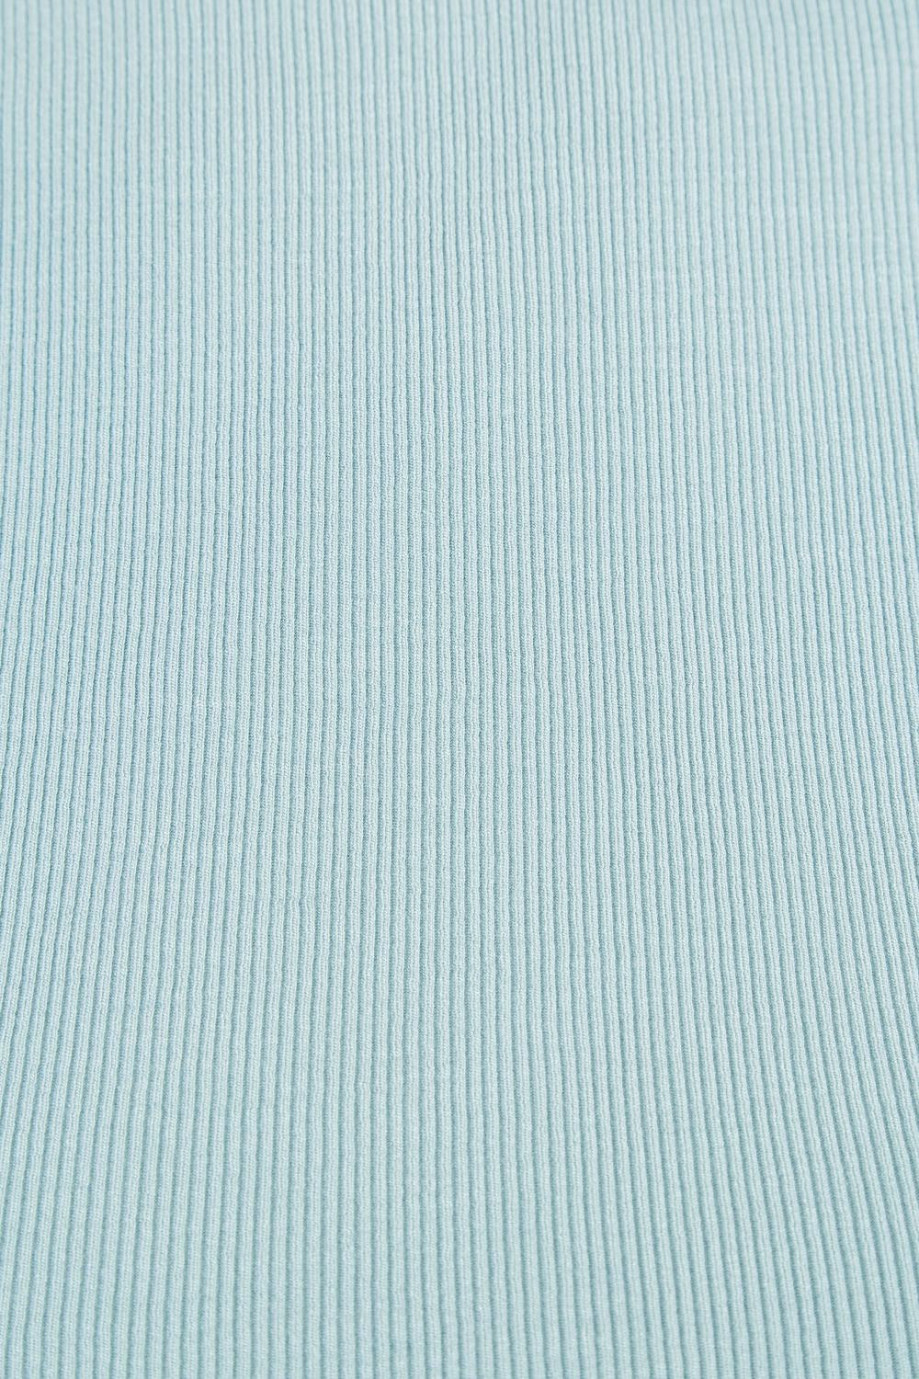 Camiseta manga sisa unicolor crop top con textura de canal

________________________________________

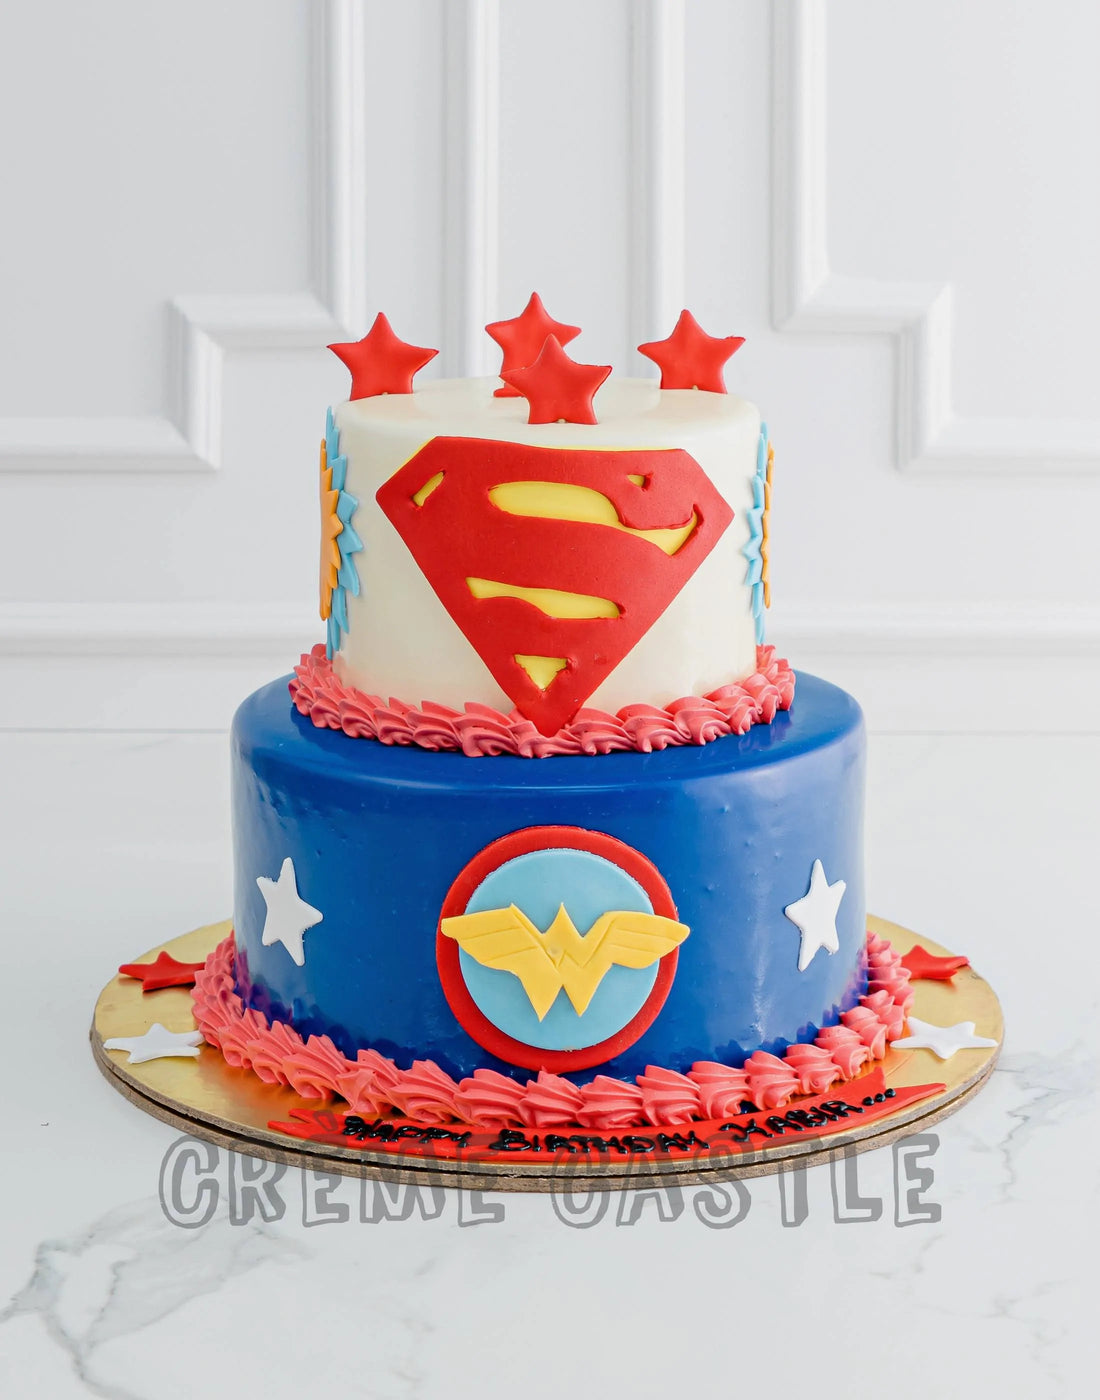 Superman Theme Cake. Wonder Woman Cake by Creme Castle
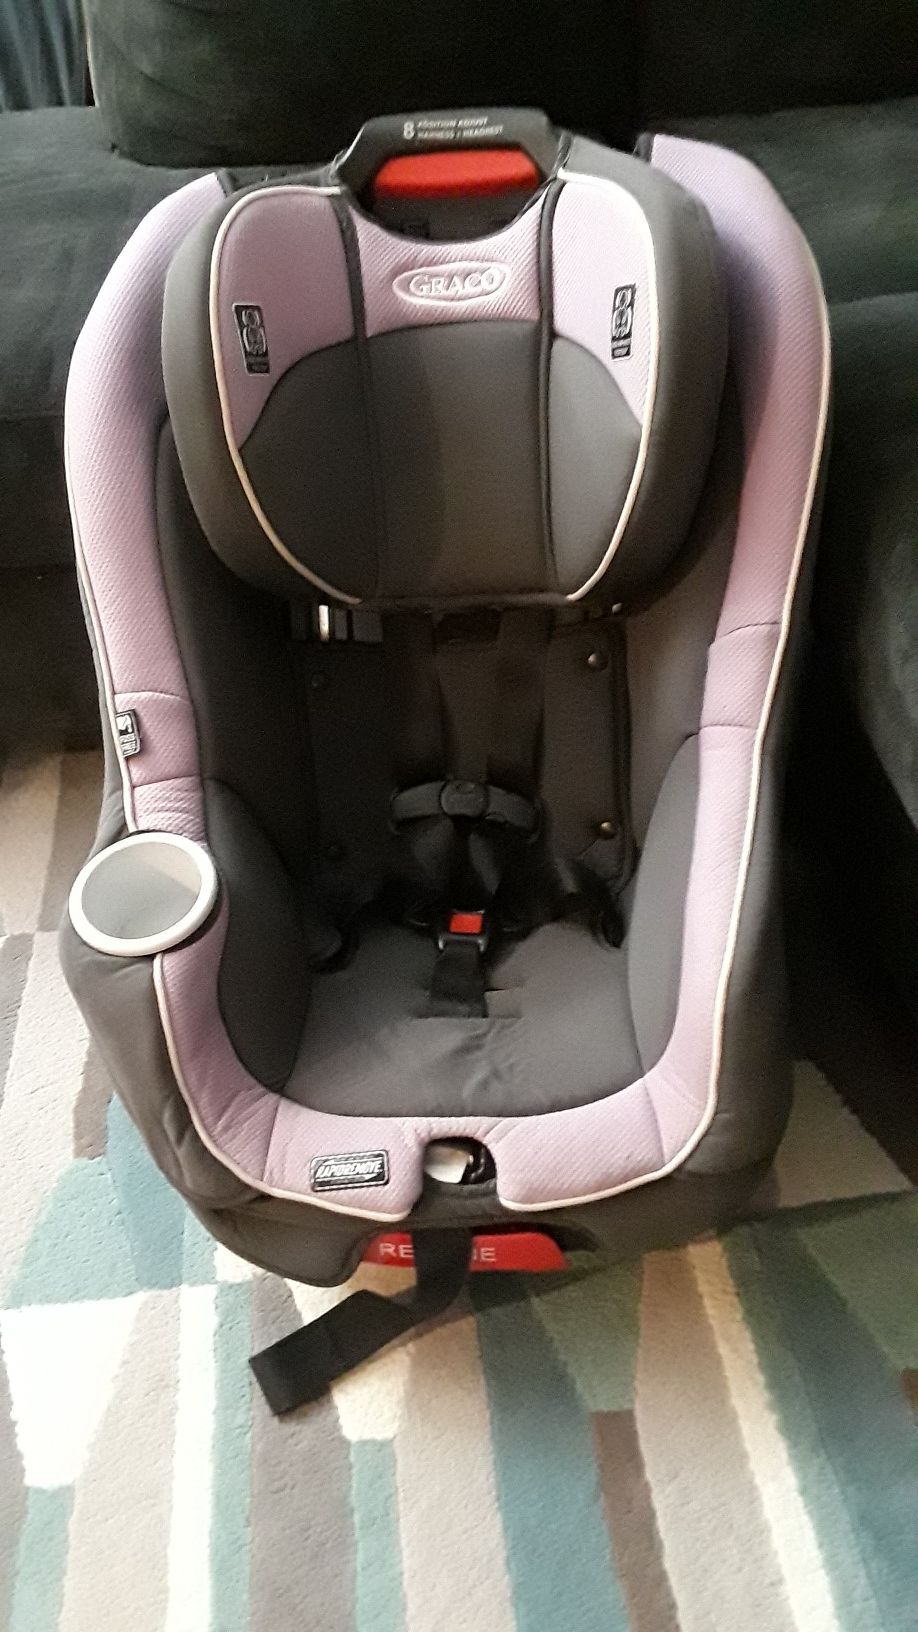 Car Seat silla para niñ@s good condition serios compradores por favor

________________________________________

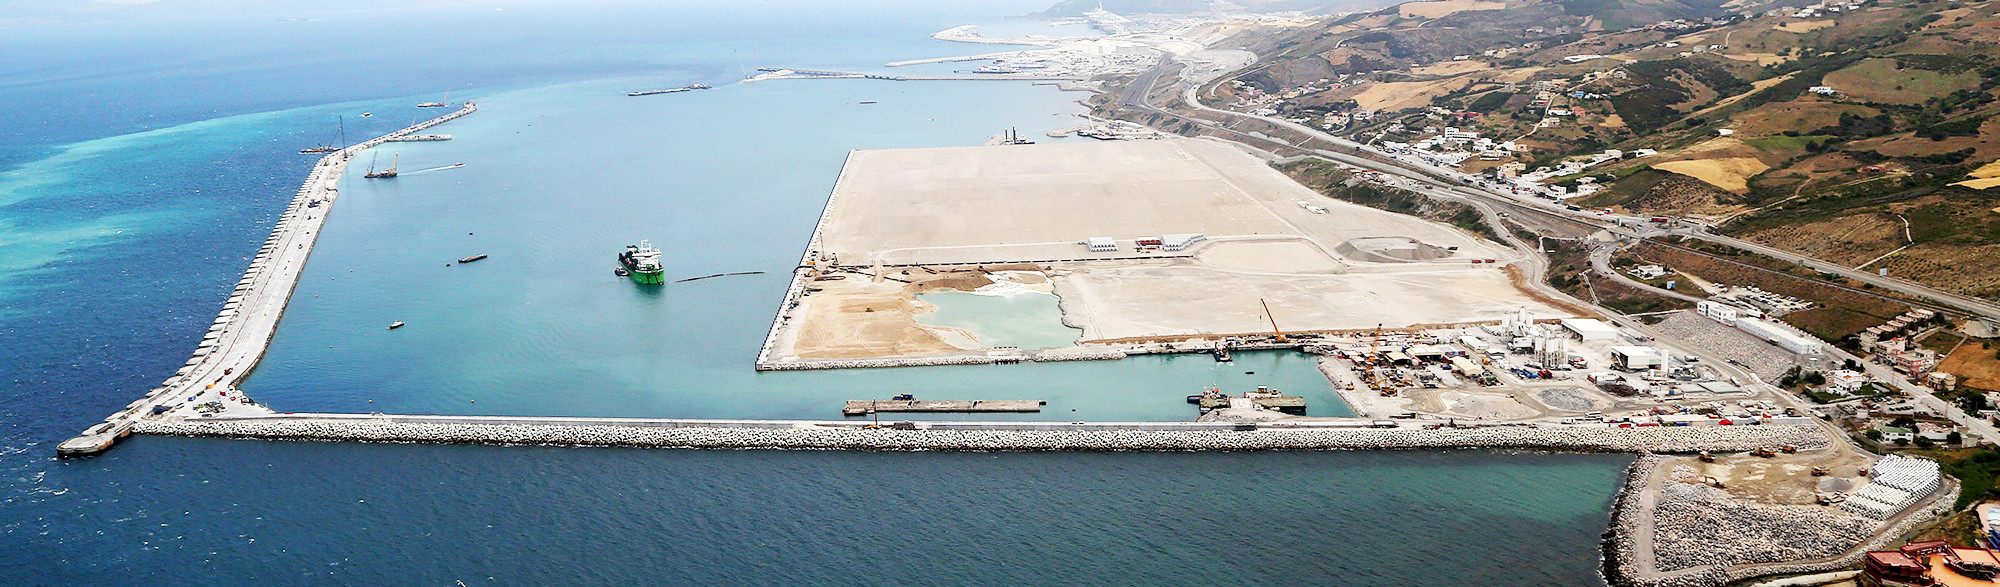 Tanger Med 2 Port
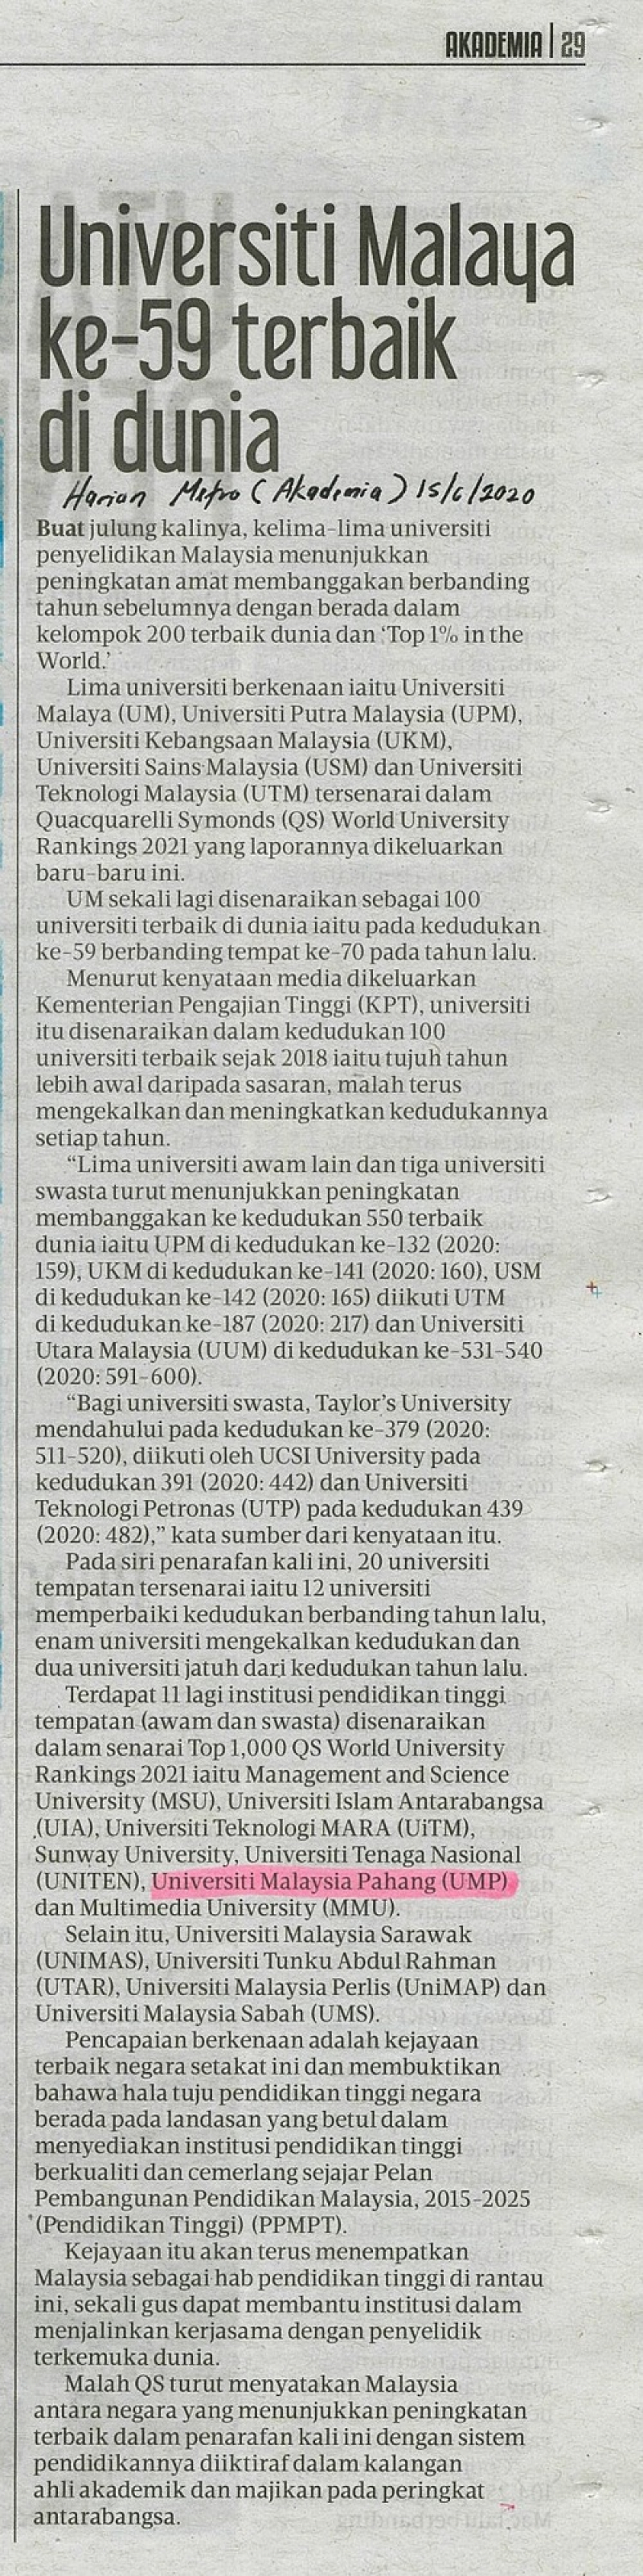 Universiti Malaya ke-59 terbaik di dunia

________________________________________

(Your task): Only one part of the listing is wanted: the lines from the one containing "Tanger Med 2 Port" through the one containing "Universiti Malaya ke-59 terbaik di dunia", both included. Please transcribe it exactly, leaving out the pictures.

(Solution):
 Tanger Med 2 Port
 Universiti Malaya ke-59 terbaik di dunia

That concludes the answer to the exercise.